Responsibilities
1. Team Leadership and Process Management (Operations & People Management) (70% of working time)
Team Leadership: Manage a small team of DBRE engineers (3-5 people): setting goals, task delegation, monitoring execution, development, and mentorship.
Operational Excellence: Establish, implement, and maintain effective operational processes, including Incident Management, Root Cause Analysis (Post-Mortems/RCA), and problem management.
Incident Management: Lead and coordinate actions during critical incidents, ensuring rapid communication, thorough documentation, and Post-Mortem execution.
Engineering Collaboration: Work closely with Development teams to ensure the operational readiness of new products (Production Readiness) and implement Shift-Left methodologies.
SRE Processes: Implement and enforce key SRE practices, such as SLI/SLO definition, Error Budget management, and automation of manual tasks (Toil Reduction).

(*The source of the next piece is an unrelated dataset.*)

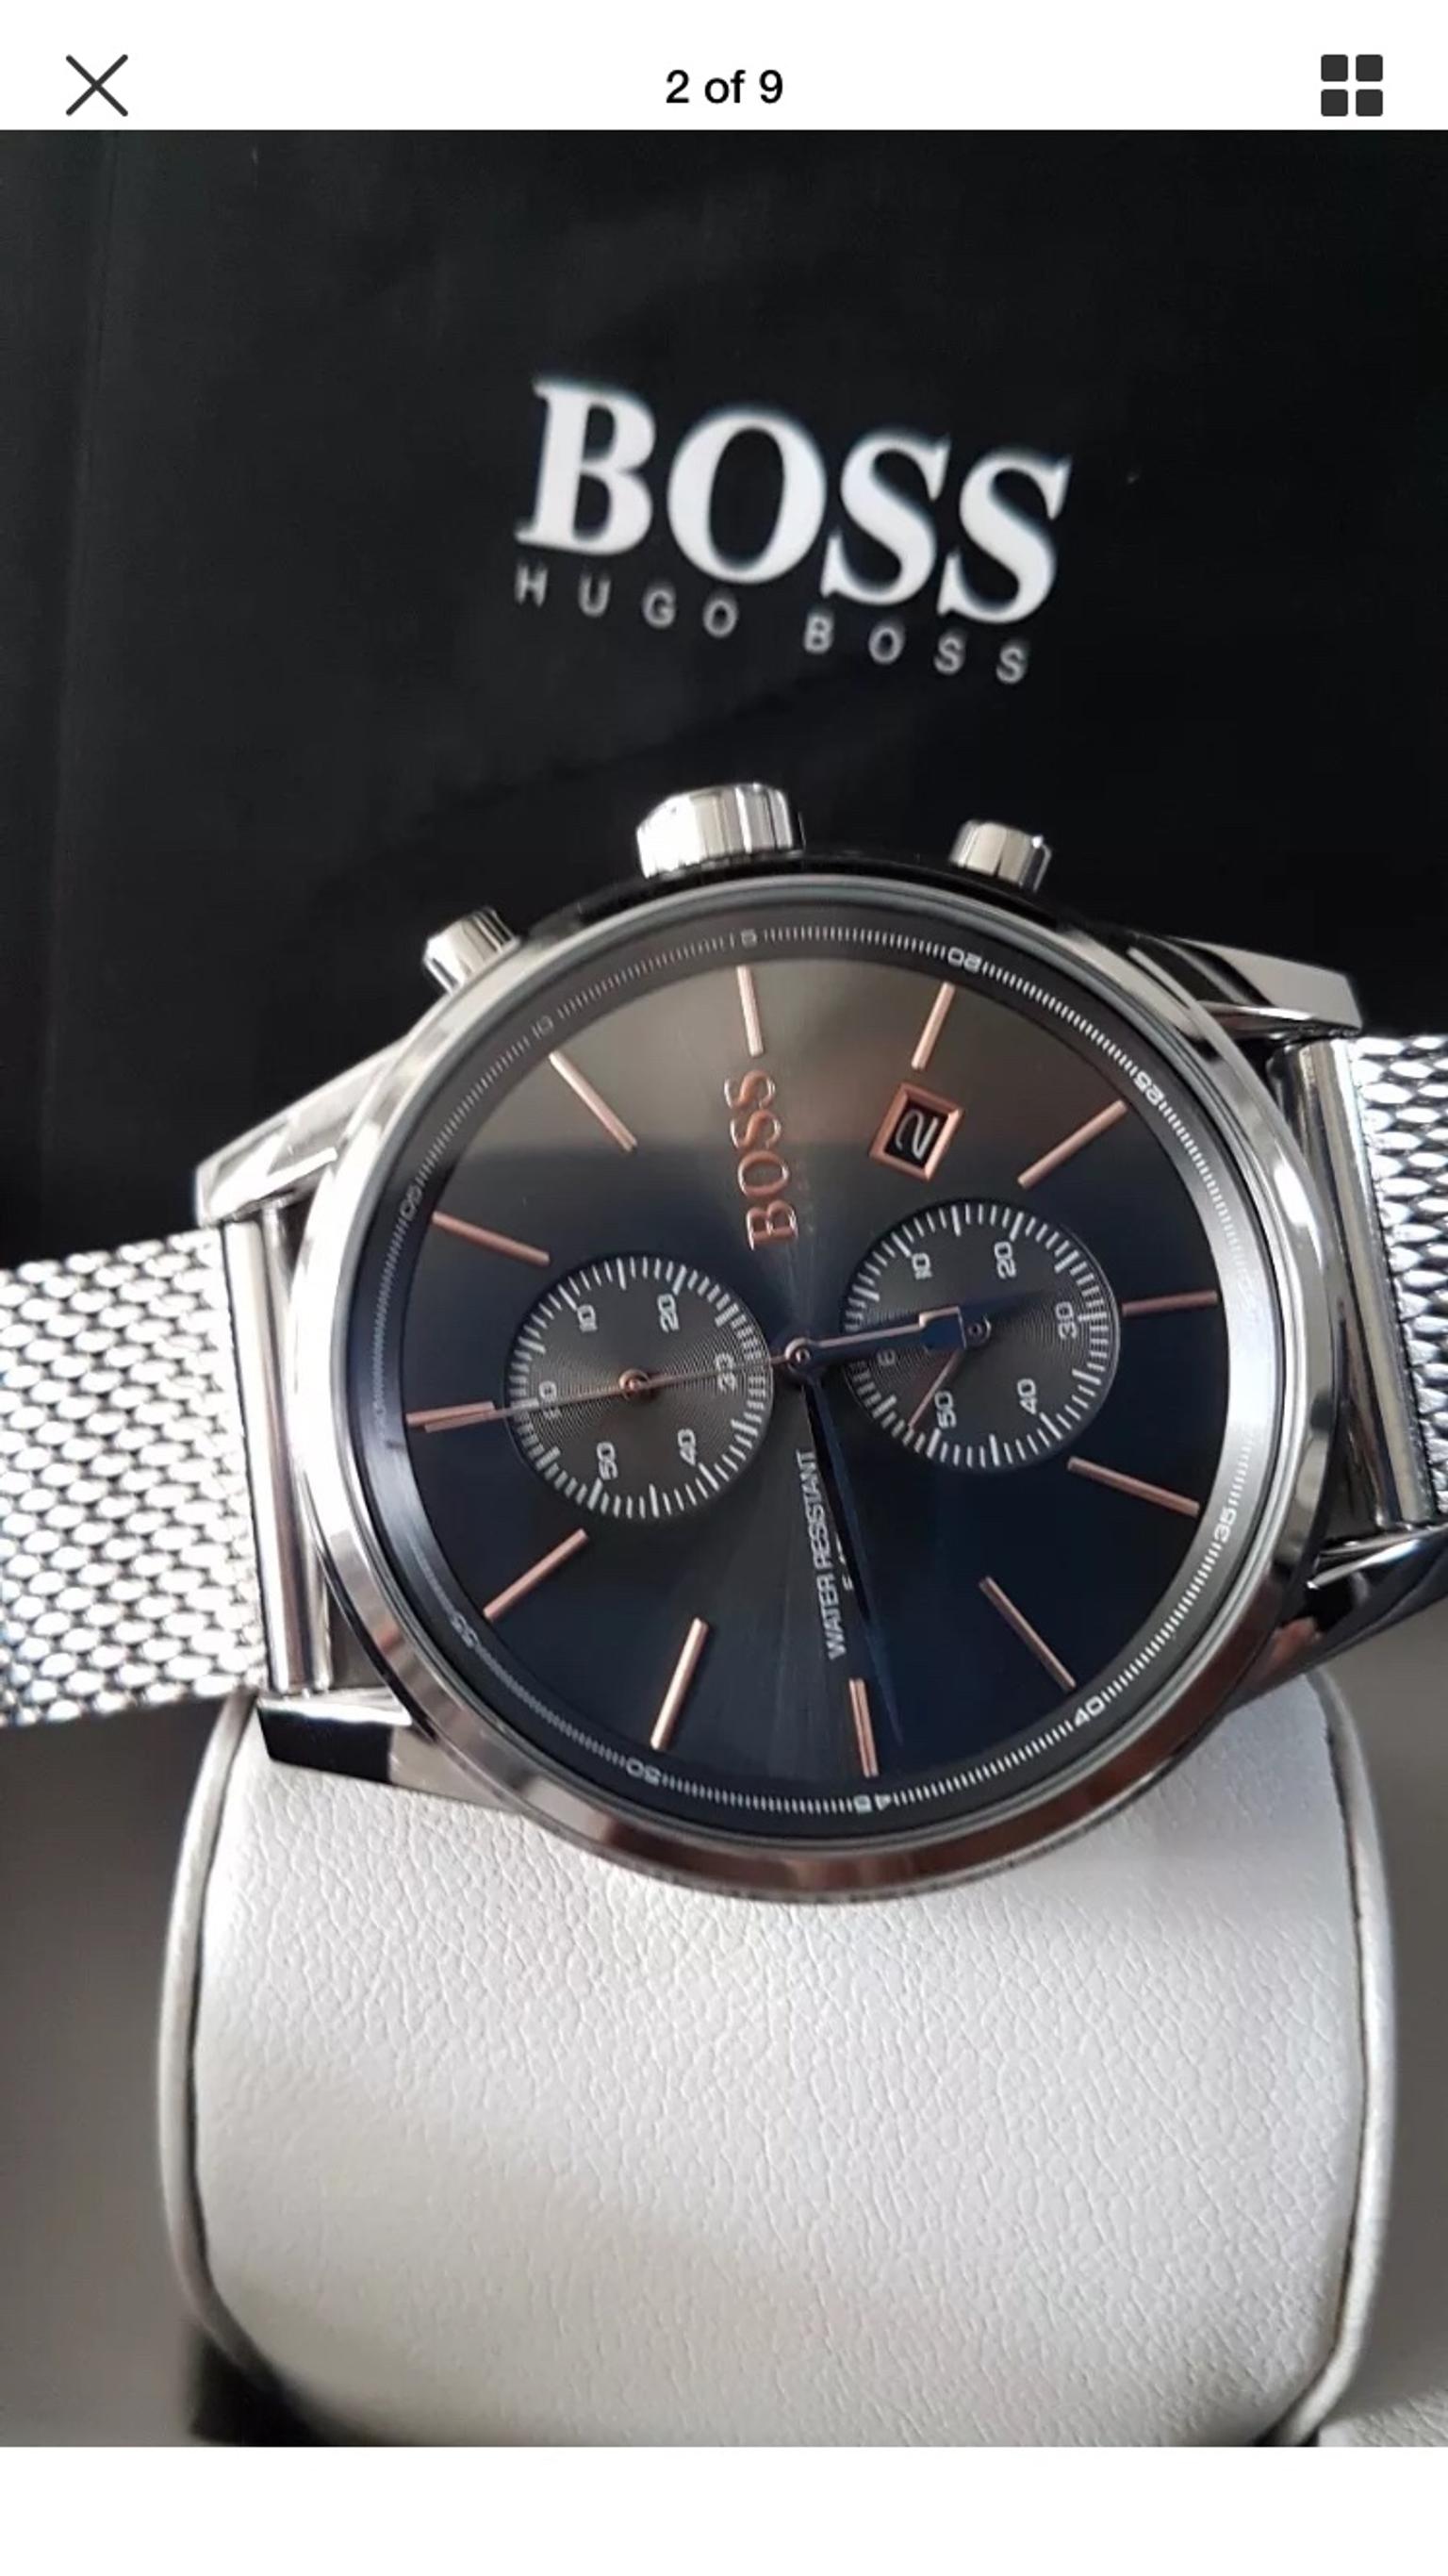 hugo boss watch and wallet set fake

2. Technical Expertise and Observability (30% of working time)
Monitoring and Alerting (Key Focus): Lead the configuration and optimization of monitoring and alerting systems. Ensure Actionable Alerting—alerts must signal user impact (SLI/SLO) rather than resource saturation issues.
On-Call Management: Manage alerting processes and rotations (On-Call Rotation), mitigating Pager Fatigue by continuously improving alert quality.
Cloud Platforms: Proven experience with cloud providers, preferably AWS, at a level sufficient to advise the team on technical decisions.
Containerization: Understanding and hands-on experience with Kubernetes (k8s)—deployment, administration, monitoring, and troubleshooting.
Automation: Programming experience in Python or Go for automating operational tasks.
Infrastructure as Code (IaC): Experience using Terraform for infrastructure and configuration management.
Qualifications
Experience
Minimum of 2-3 years of proven experience in a Team Lead or similar leadership role related to operations in DBRE, DBA, SRE positions;
Experience managing operational processes and production incident resolution workflows.
Experience operating mission-critical, high-availability systems.
Technical Skills
MySQL DB: Solid understanding of building reliable clusters of these databases, covering sharding, replications, backups, performance, and queries tuning. Experience in building efficient monitoring, alerting, reporting dashboards and databases capacity management.
MongoDB: Administrator experience, with a solid understanding of reliable configuration with efficient performance tuning for this kind of databases. Understanding of Cloud Hosted solutions, such as DocumentDB, process of migration and its pros/cons
Kubernetes (k8s): Proficient command.
AWS: Experience with key cloud compute services and advanced experience with AWS managed database services, especially with MySQL. Understanding of costs management process of AWS services;
IaC: Experience with Terraform.
Programming: Development skills in Python/Go (Middle Engineer level).
Monitoring: Deep experience configuring systems (Prometheus, Grafana, Datadog) and implementing Observability practices (metrics, logs, traces).
Personal and Leadership Qualities
Management Skills: Ability to inspire, motivate, and develop the individual competencies of engineers. Provide feedback, set clear expectations for engineers; Understanding of project management basics;
Communication: Excellent written and verbal communication skills for interacting with technical teams, management, and leadership. Understanding of cultural differences and the ability to unite people distributed around the world;
Systemic Thinking: Ability to see the big picture, analyze complex operational issues, and propose long-term, scalable solutions.
We offer:
Well-coordinated professional team
Cutting edge technologies, interesting and challenging tasks, dynamic project, great opportunities for self-realization, professional and career growth
Additional Health and Life Insurance Package
Employee Assistance Program
25 vacation days
ReBenefit Platform Account.
This role requires on-site presence at our office 4 days a week to support effective collaboration and teamwork.